15 – 22 January 2022
Greenridge Shopping Centre, #02-13
Bukit Panjang Tourism Board is part of the Community Arts Residency at Greenridge Shopping Centre, an initiative by the National Arts Council in collaboration with the Housing Development Board. It aims to support practising artists in advancing the field of community arts in Singapore. Through the Residency, artists have opportunities to inquire, collaborate and co-create artworks with the community that will shape communal spaces and reflect collective stories.
A set of postcards and map produced from the project. (Available, first quarter 2022)
Please email email@example.com.
Sample Postcards, from a set of 15
Mohd Aris bin Selamat, 72, boat captain; Gwee Mui Seng, 71, cleaner
On his first day of work, Mr Aris saved a drowning cat in Pang Sua Pond. The former sailor hadn’t operated the small motorboat before, and couldn’t get it to start using the pull cord, as he had been used to driving larger boats whose engines turned on by the pressing of a button. So he picked up the oars and paddled from the boathouse to the pavilion, and scooped the cat up using a net used to pick up floating leaves.
This was an exciting start to what would turn out to be a peaceful job. In their little blue boat and green long-sleeved shirts, Mr Aris and Mr Gwee are a familiar sight in the neighbourhood. Their duties are to go around the pond twice a day — 8am and 1pm — to pick up debris on the surface of the water. Mr Aris pilots the boat while Mr Gwee nets up floating objects, such as fallen leaves, twigs and rubbish from irresponsible visitors. They also do a little bit of pruning at the edges of the floating wetland and the banks. Each trip takes about 1.5 to 2 hours. Most days are quite leisurely, except when it has stormed the night before, and they can collect up to 20 trashbags worth of dead leaves and branches. Larger tree trunks are hoisted onto the boat and taken by the boathouse to be sawn.
Both men enjoy the idyllic surrounds. Mr Gwee, who lives in Yishun, has worked as a cleaner for more than 20 years in various places, including an army camp, factory and condominium. This is his favourite workplace. He notices wildlife such as otters and iguanas. “There is no other place like this in Singapore,” he said. Mr Aris, who was born in Pulau Belakang Mati (Sentosa), had been a seaman for more than 40 years. Before he accepted the job, he had come with his wife for a walk on the boardwalk, to survey the environment. “I liked it, so I said, I can try.” Now he takes pride in keeping the pond clean and beautiful.
Pang Sua Pond is one of 16 stormwater collection ponds built in the 1990s, whose purpose is to collect rainwater runoff from the surrounding area and prevent flooding during a heavy downpour. The pond received a makeover and a boardwalk in 2017.

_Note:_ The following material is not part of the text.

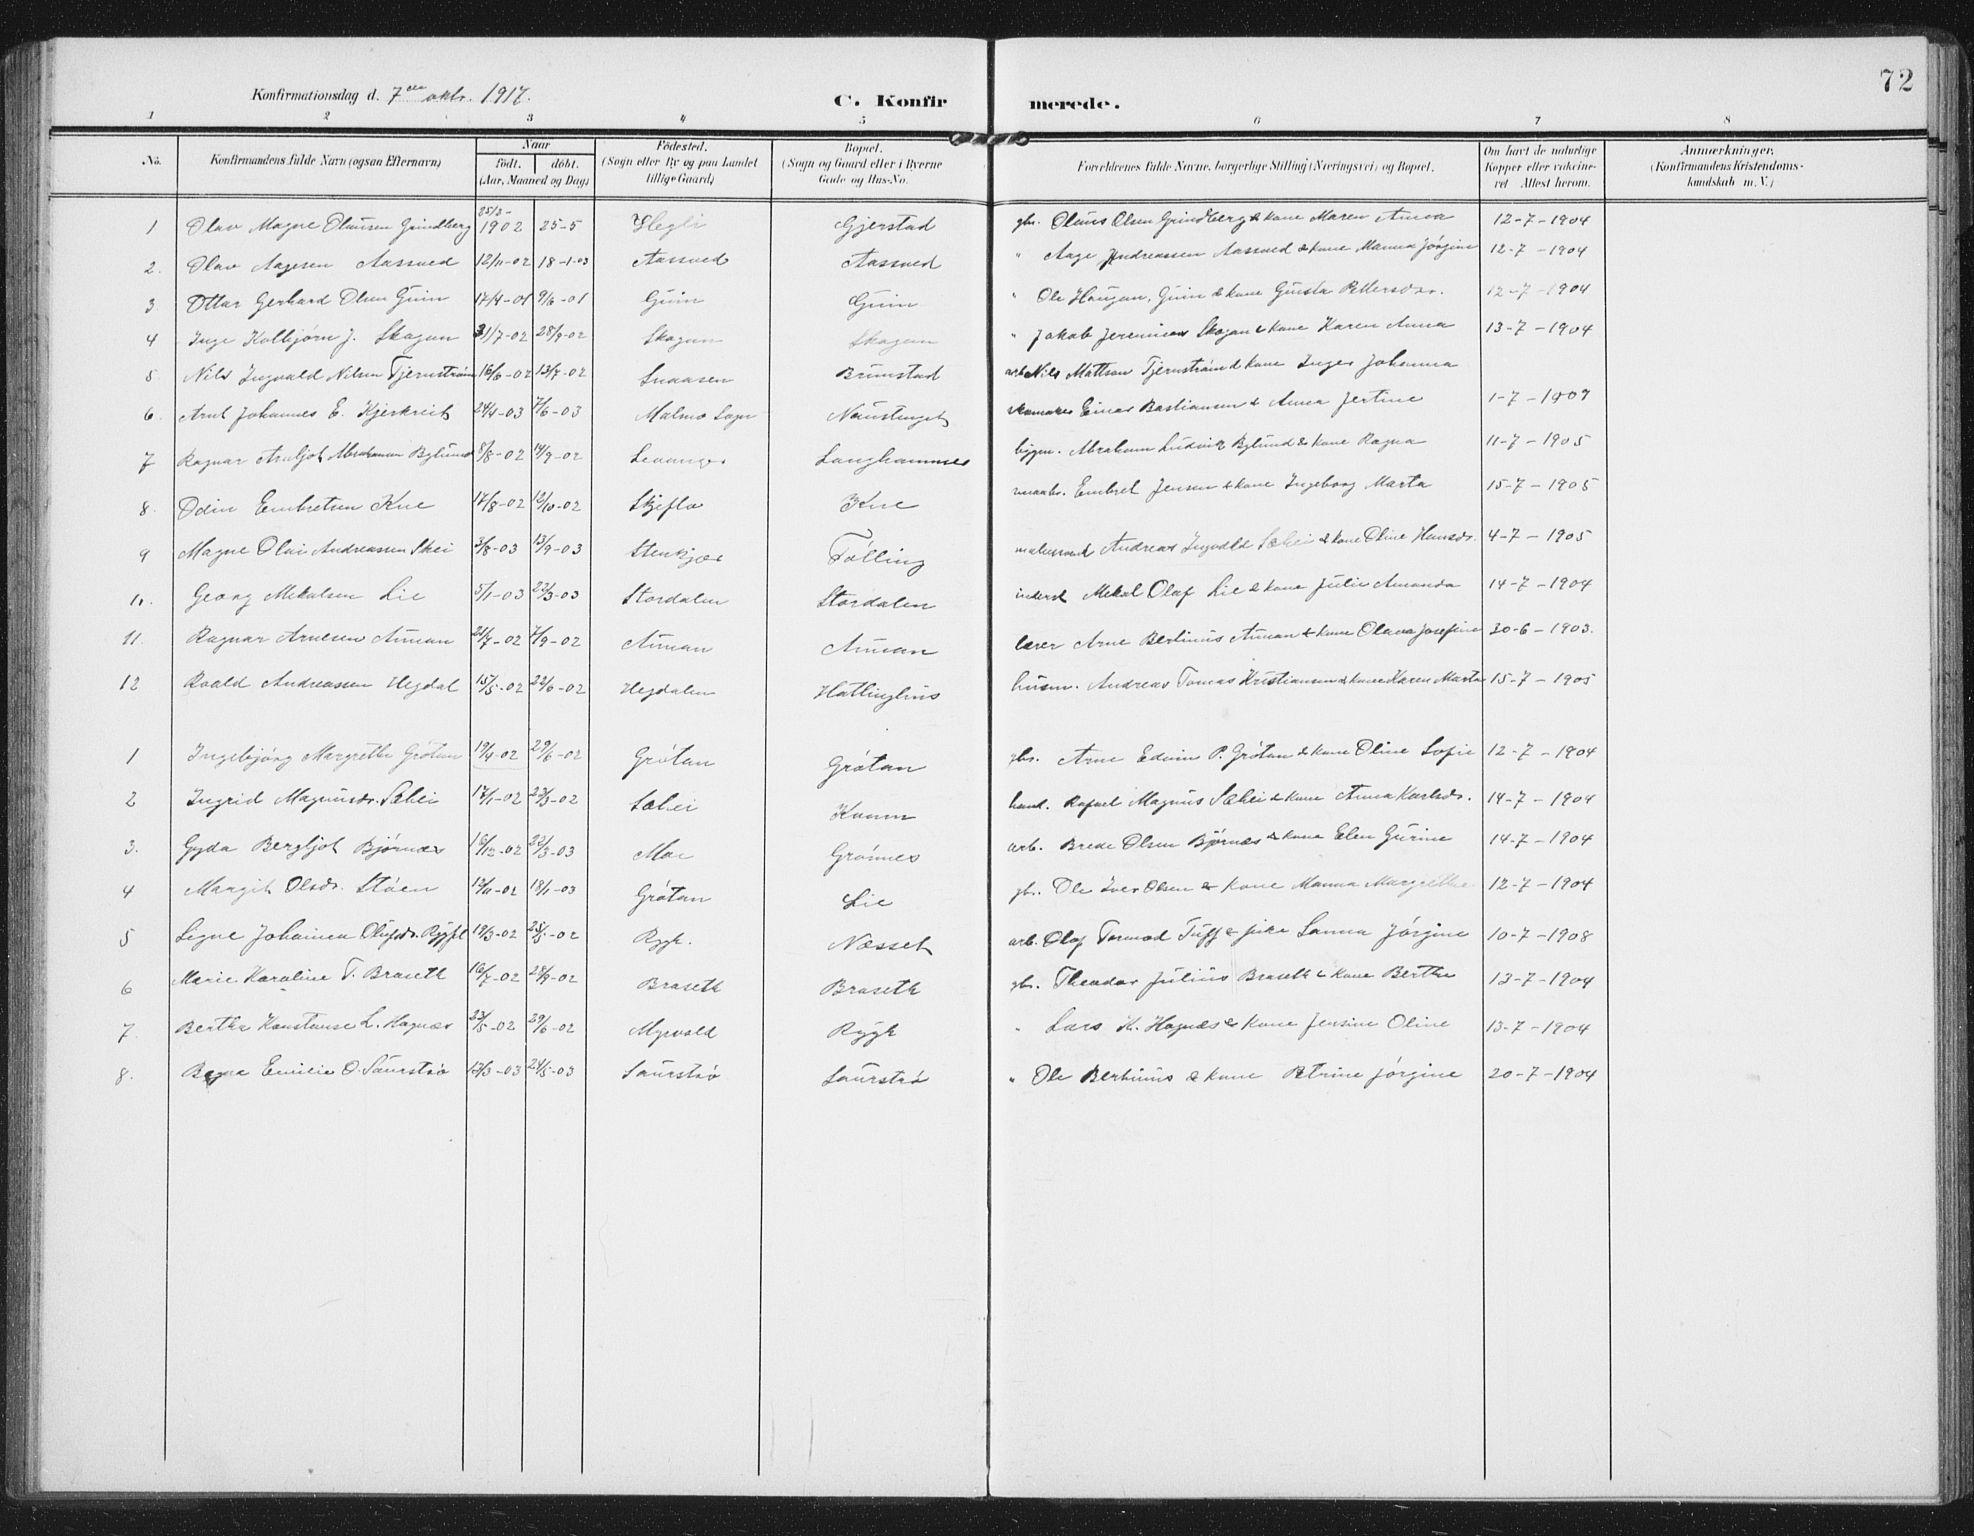 SAT, Ministerialprotokoller, klokkerbøker og fødselsregistre - Nord-Trøndelag, 747/L0460: Klokkerbok nr. 747C02, 1908-1939, s. 72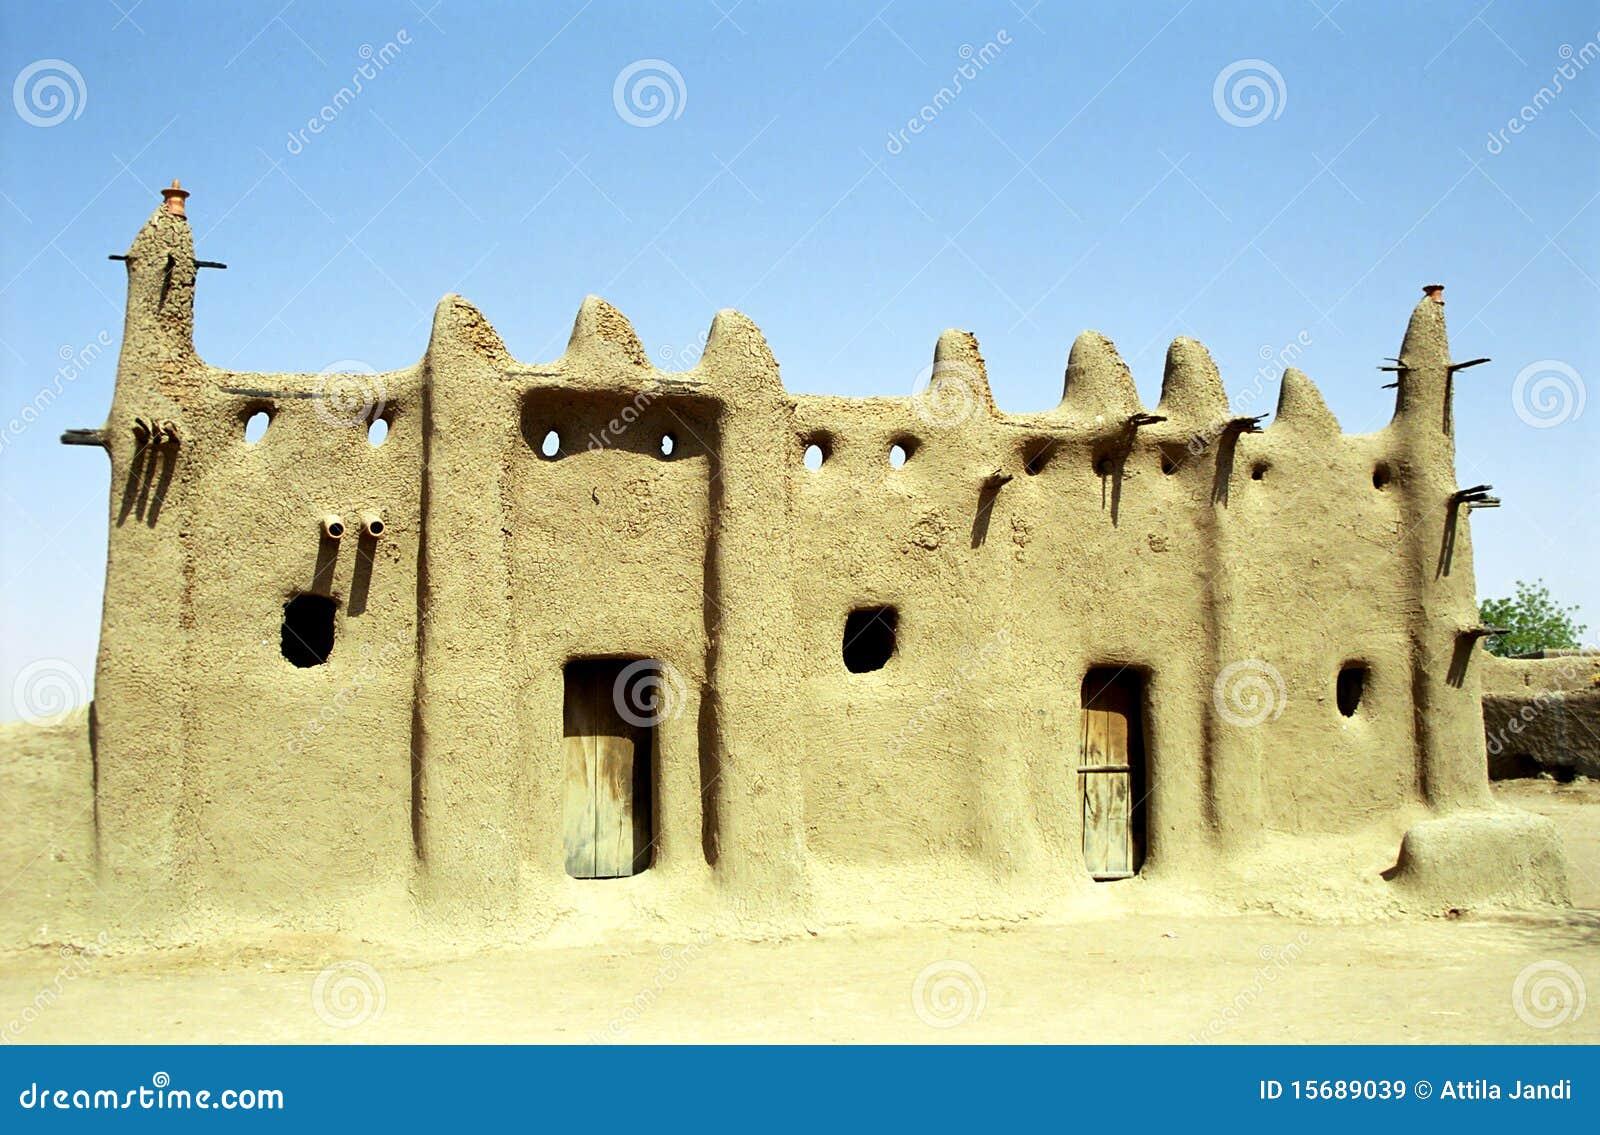 Moschea del fango senossa mali immagini stock libere da for Disegni della stanza del fango

??Mr Lim Moo Sooi, 78, retiree
This retired lorry driver cycles to get spring water from a drain in Zhenghua Park two or three times a week from his home in Fajar. Each time, he fills up about eight five-litre bottles, which his family use for drinking and cooking. He says he is not used to the taste of tapwater, as he used to drink well water when he lived in a kampong in Yew Tee when he was younger.
The source of springwater, which flows out of a hole in the wall of a drain, is popular with local residents. To get to it, one has to climb over a fence and make a 1.5-metre drop down into the drain. Coming with bottles of different sizes in trolleys and bicycles, most take the water home for drinking. Some claim there are health benefits, which have not been verified, and one resident said he uses it for aquarium water.
Chua PT, 58, photographer
Unlike most nature photographers in Singapore, Mr Chua is almost exclusively interested in Zhenghua Nature Park. The Segar resident has been visiting the park almost daily to photograph its wildlife for the past six years, since the park’s extension opened in 2015. To date, he has spotted over 60 species of birds, including the tiger shrike, crested honey buzzard, common flameback (woodpecker) and common tailorbird.
The retired technician also has a wide collection of super-macro shots of different insects. Some of these close-ups capture rare processes, such as the life cycles of snails, whose eggs are hard to spot and easily washed away by the rain.
Together with two other friends, he is putting together a photo book that documents the biodiversity of Zhenghua Nature Park.